American politician (born 1971)

Michael Joseph Panetta (born July 14, 1971) is a former District of Columbia shadow representative, having served from 2007 to 2013. Though elected by the citizens of Washington, Panetta was not recognized by Congress. A shadow representative is different from a delegate to Congress, an office held by Eleanor Holmes Norton while Panetta was shadow representative.
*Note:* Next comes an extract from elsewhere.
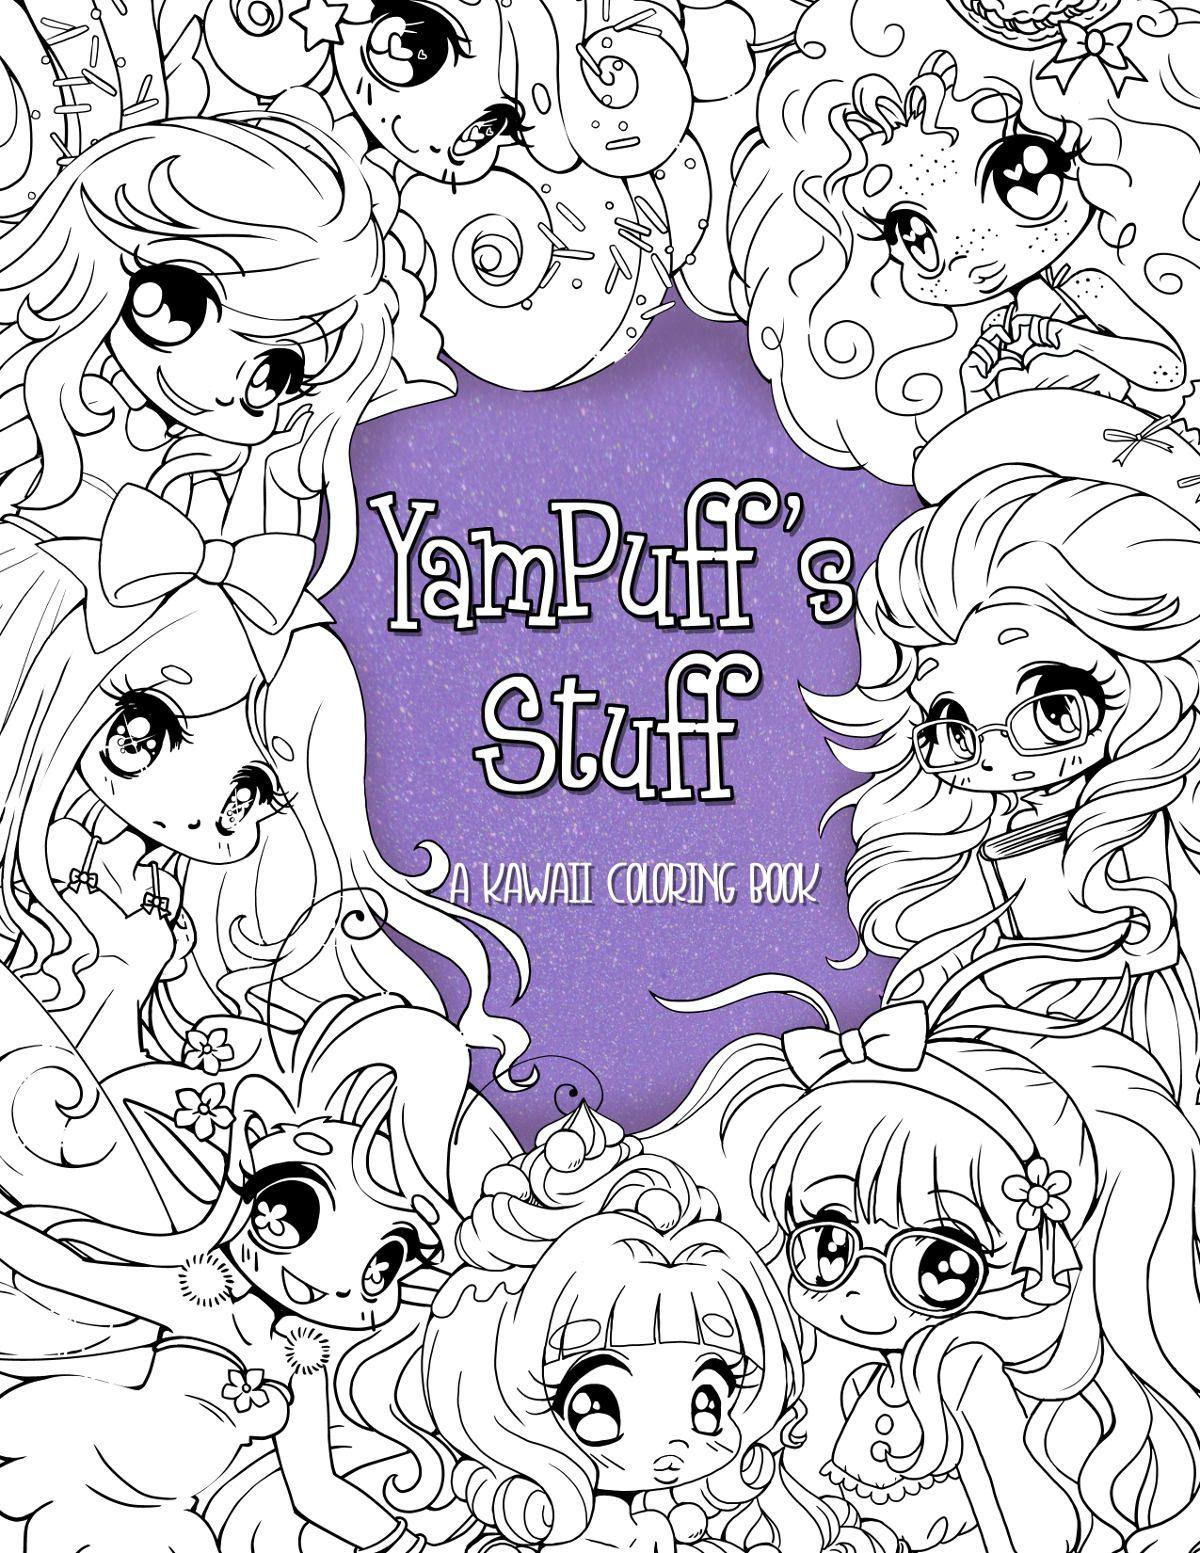 NEW YamPuff\'s Stuff - A Digital Kawaii Coloring eBook of Chibis and ...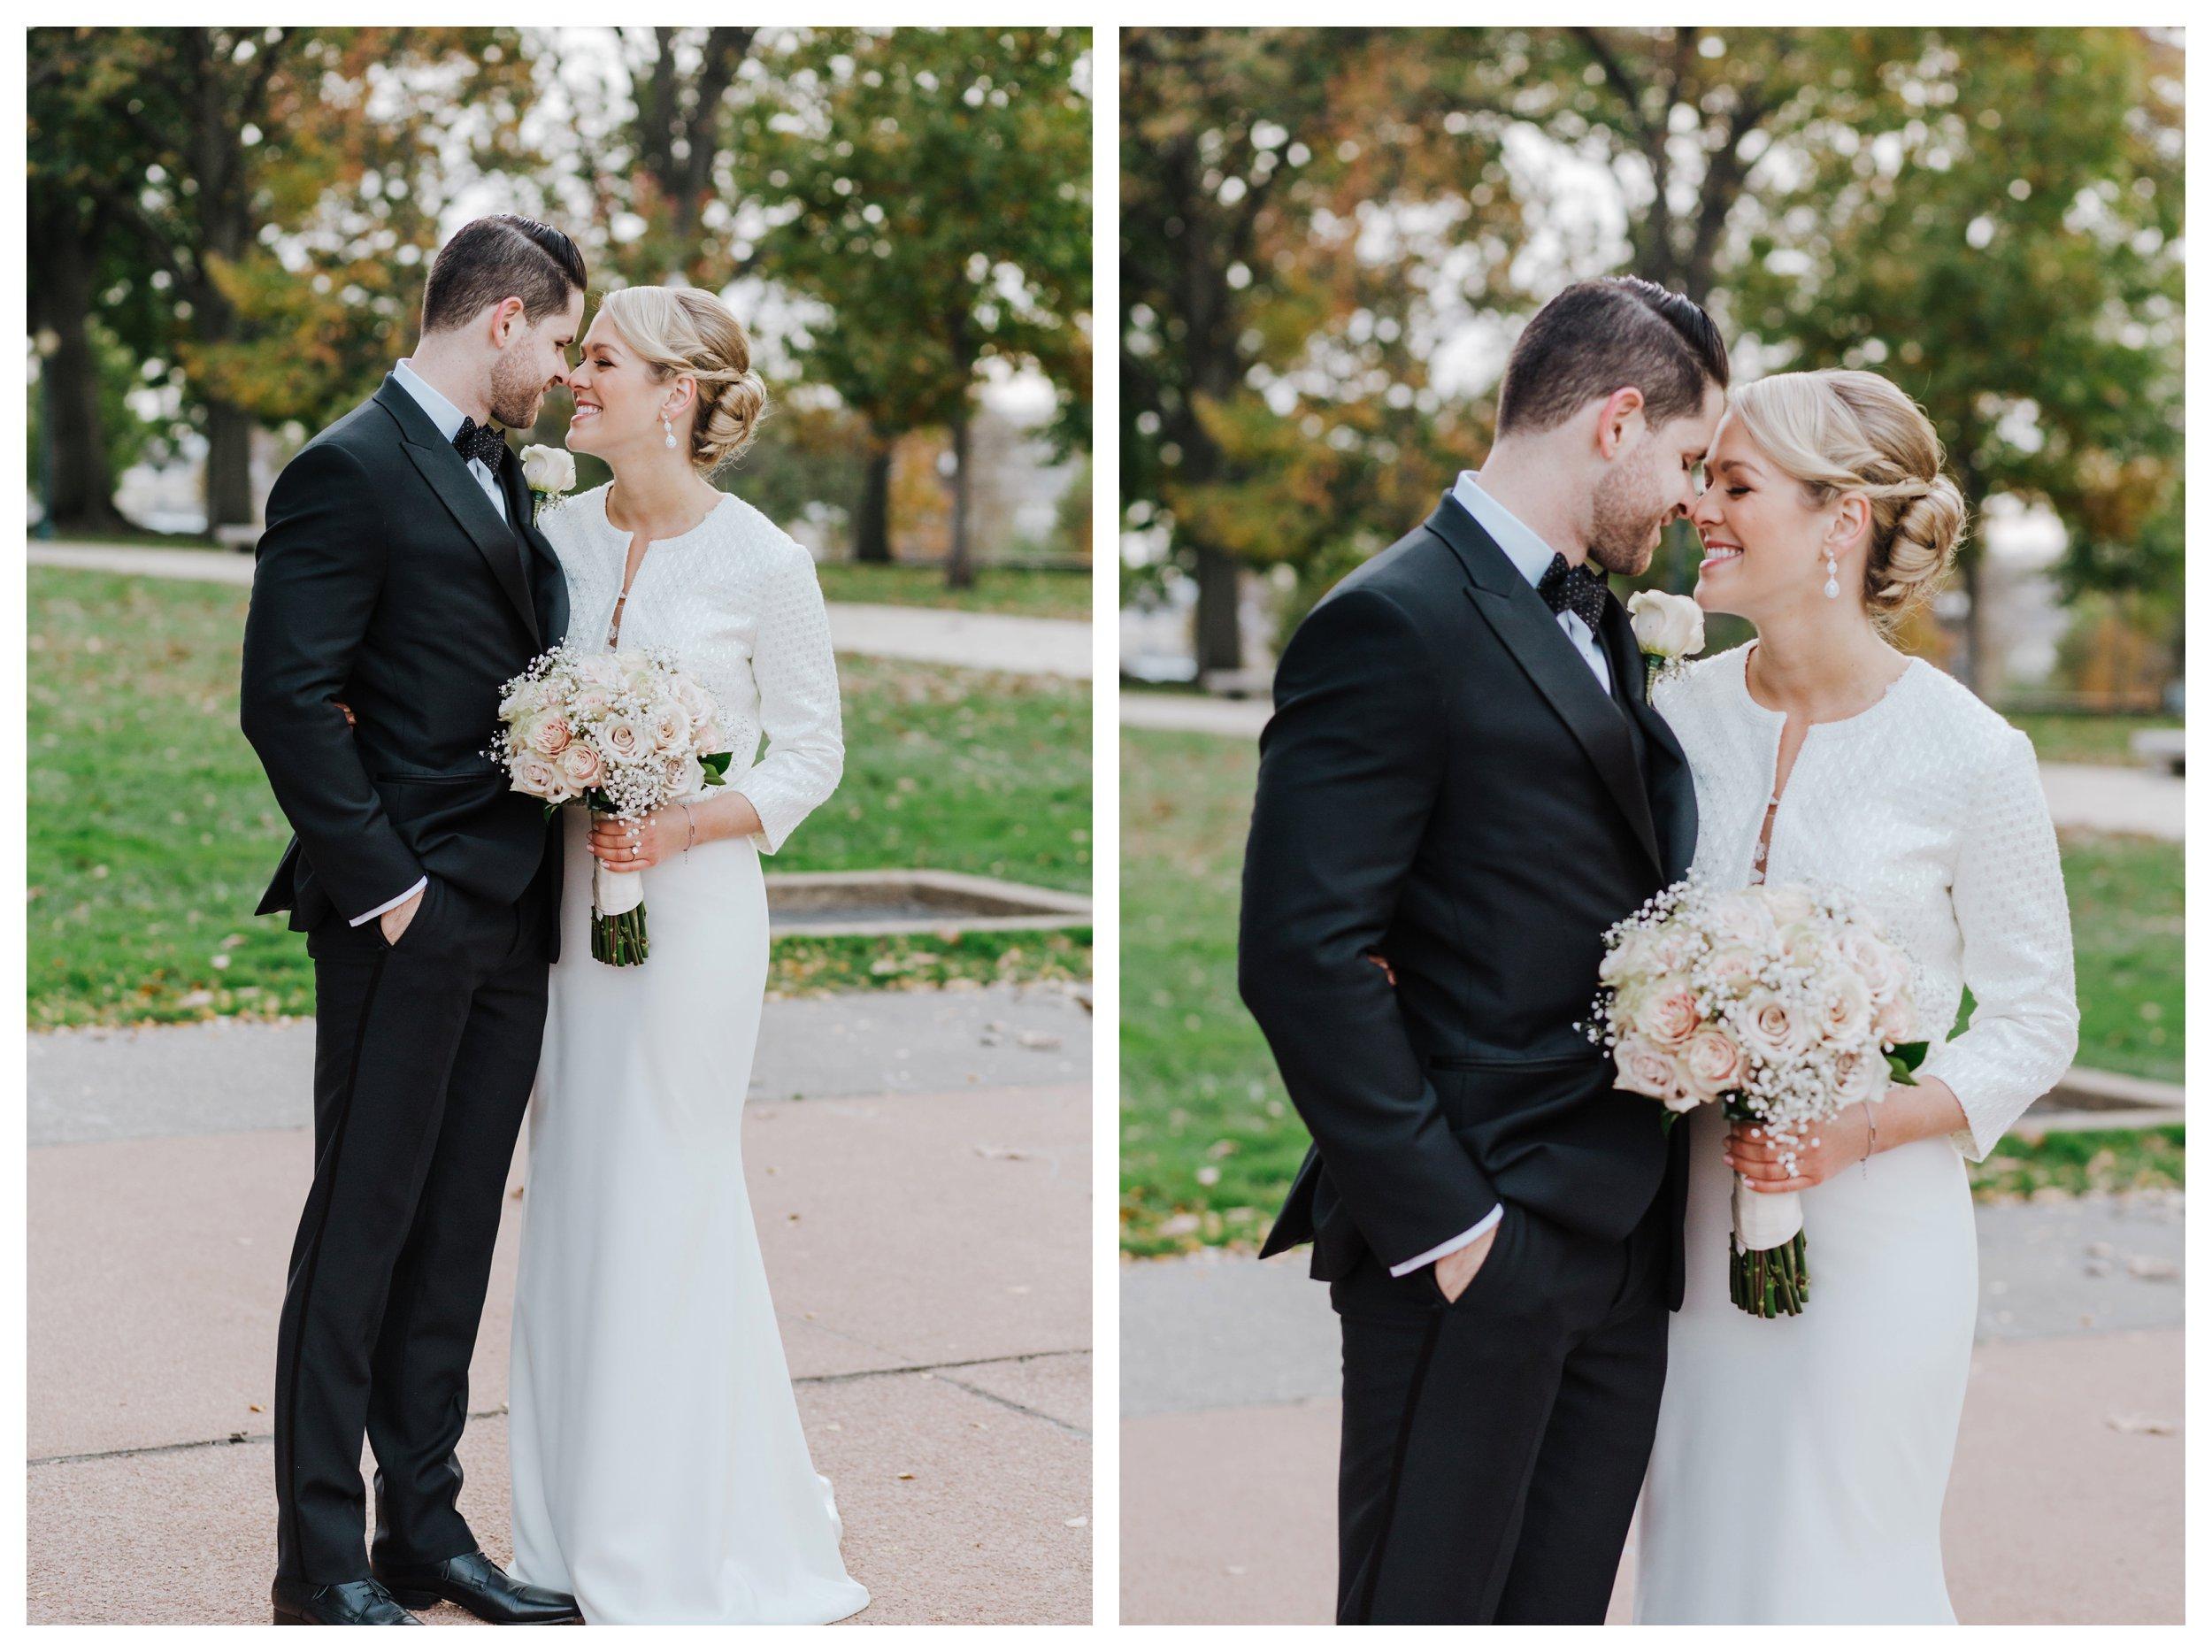 washington-dc-wedding-photographer-31.JPG

The office of delegate is created by the U.S. House of Representatives and delegates are recognized by that body.

==Political career==
Panetta has run several high-profile campaigns for D.C. representation, including starting the District of Columbia Olympic Committee and leading efforts to rebrand RFK Stadium as "Taxation Without Representation Field". Panetta has pledged to make District of Columbia voting rights a national issue that is embraced by progressive activists across the country.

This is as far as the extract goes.